Ini berarti terorisme pada umumnya, baik untuk tujuan mengambil harta maupun untuk tujuan-tujuan politik dan lainnya, masuk dalam bab memerangi Allah dan Rasul-Nya atau al-Hibarah, yang hukum dasarnya jelas haram. Akibat terorisme sangat berpengaruh pada kehidupan masyarakat. Rasa aman yang hilang merupakan siksaan kejiwaan yang berdimensi luas dan mendalam. Ini termasuk dalam “kekerasan” yang tindakan menimbulkannya sangat dilarang oleh Islam.
d.    Bentuk-bentuk terorisme
Kejadian-kejadian dan aksi-aksi terorisme yang tengah menimpa manusia sangatlah banyak dan beraneka ragam, sesuai dengan kondisi dan keadaan yang diharapkan oleh para pelakunya guna meraih sasaran dan target mereka. Namun, menurut catatan sejarah dan berbagai kejadian yang melanda umat saat ini, seluruh kejadian dan aksi tersebut tidaklah keluar dari dua perkara:[3]
a)    Terorisme fisik
Peristiwa-peristiwa yang sekarang menjadi puncak sorotan perhatian manusia. Seperti, peledakan,pengeboman, penculikan, aksi bunuh diri, pembajakan, dan seterusnya.
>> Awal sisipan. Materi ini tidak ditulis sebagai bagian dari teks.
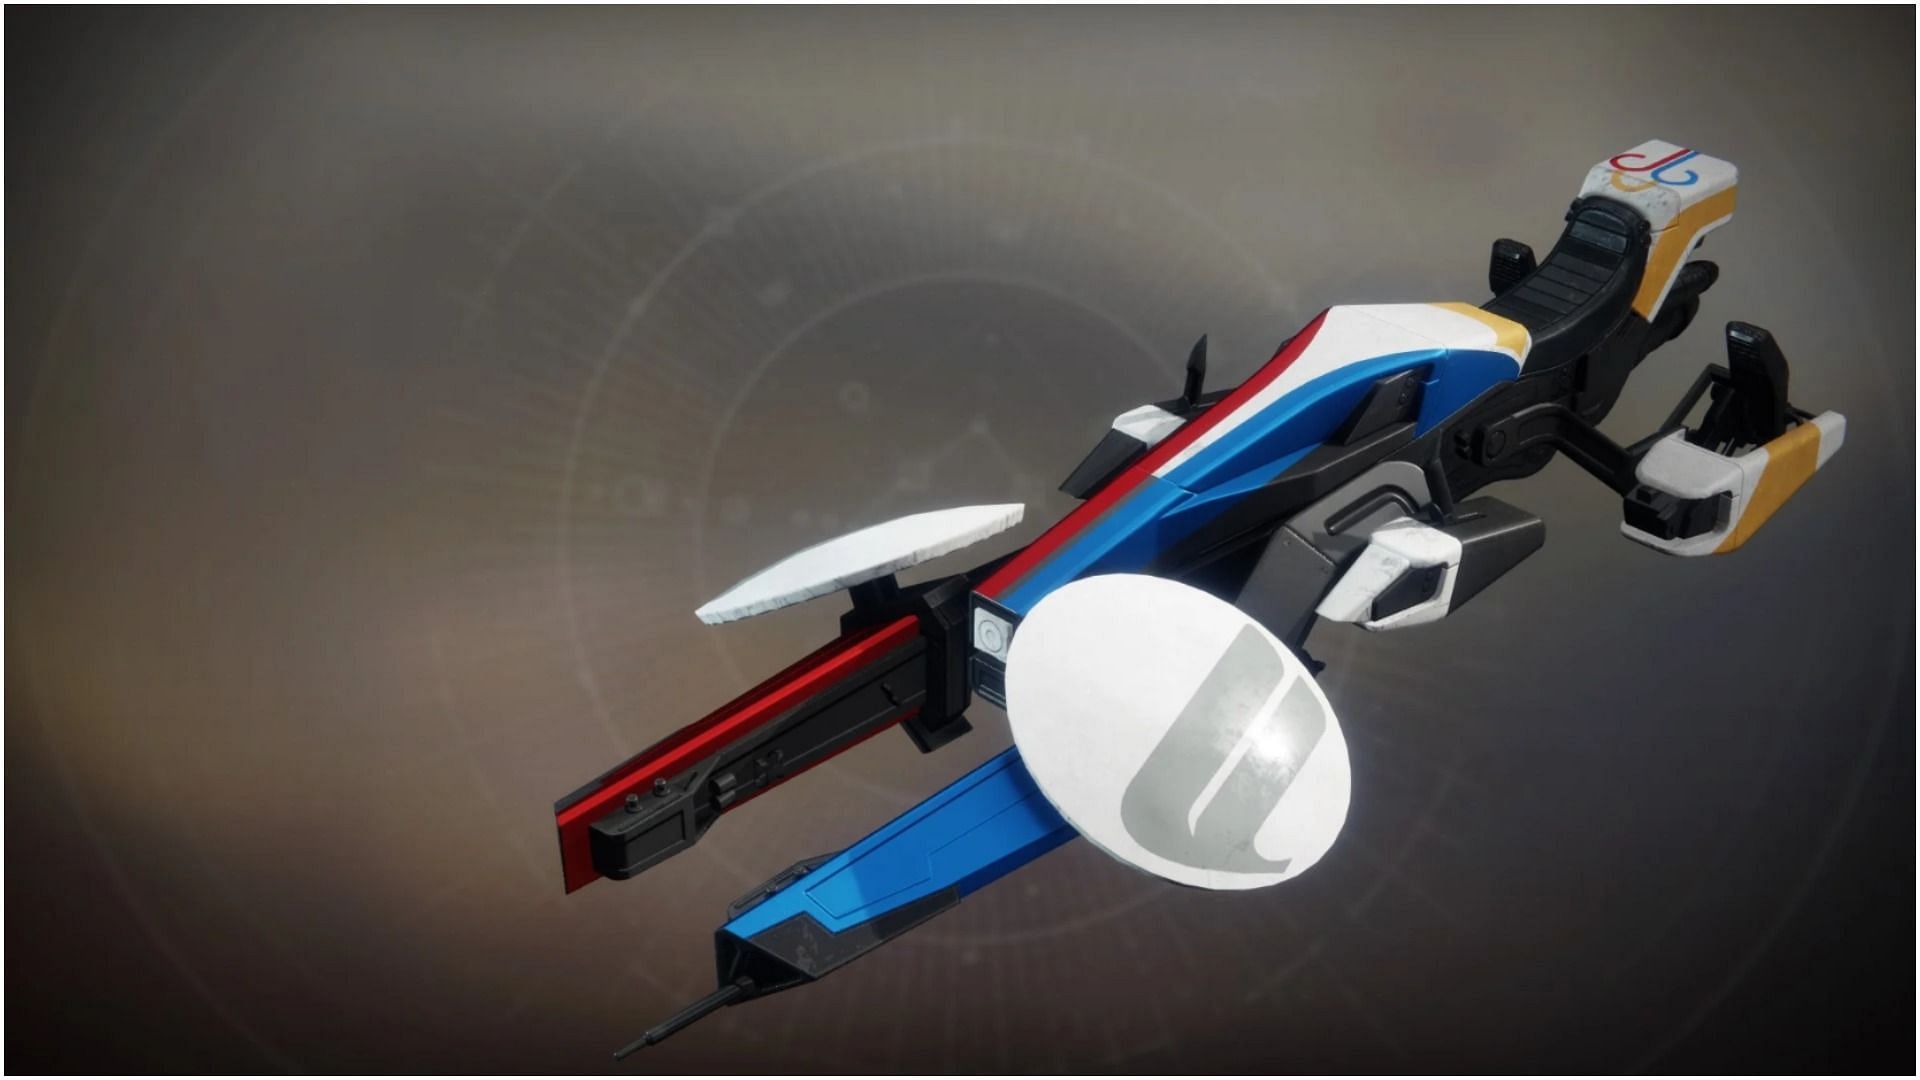 Upcoming Sparrow is known as Victory Lap for Guardian Games (Image via Destiny 2)

Berbagai kejadian pahit dari terorisme fisik ini tercatat dalam sejarah. Seperti, Pembunuhan khalifah yang mulia, Umar bin Khattab Al-faruq oleh seorang Majusi yang bernama Abu Lu’luah adalah salah satu bentuk terorisme yang rendah dan hina. Selanjutnya, pembunuhan khalifah yang mulia, Utsman bin Affan Dzu Nur’ain oleh gerombolan Khawarij dengan provokasi dari pendiri Syi’ah, Abdullah bin Saba’ seorang Yahudiyang berpura-pura masuk islam juga termasuk bentuk terorisme yang terkutuk.
b)   Terorisme Ideologi (pemikiran/pemahaman)
Terorisme jenis ini jauh lebih berbahaya daripada terorisme fisik, sebab seluruh bentuk terorisme fisik yang terjadi bersumber dari dorongan ideologi para pelakunya, baik dari kalangan orang-orang kafir yang merupakan sumber terorisme dimuka bumi ini maupun dari kalangan kaum muslimin yang pemikirannya telah menyimpang dari jalan islam yang benar.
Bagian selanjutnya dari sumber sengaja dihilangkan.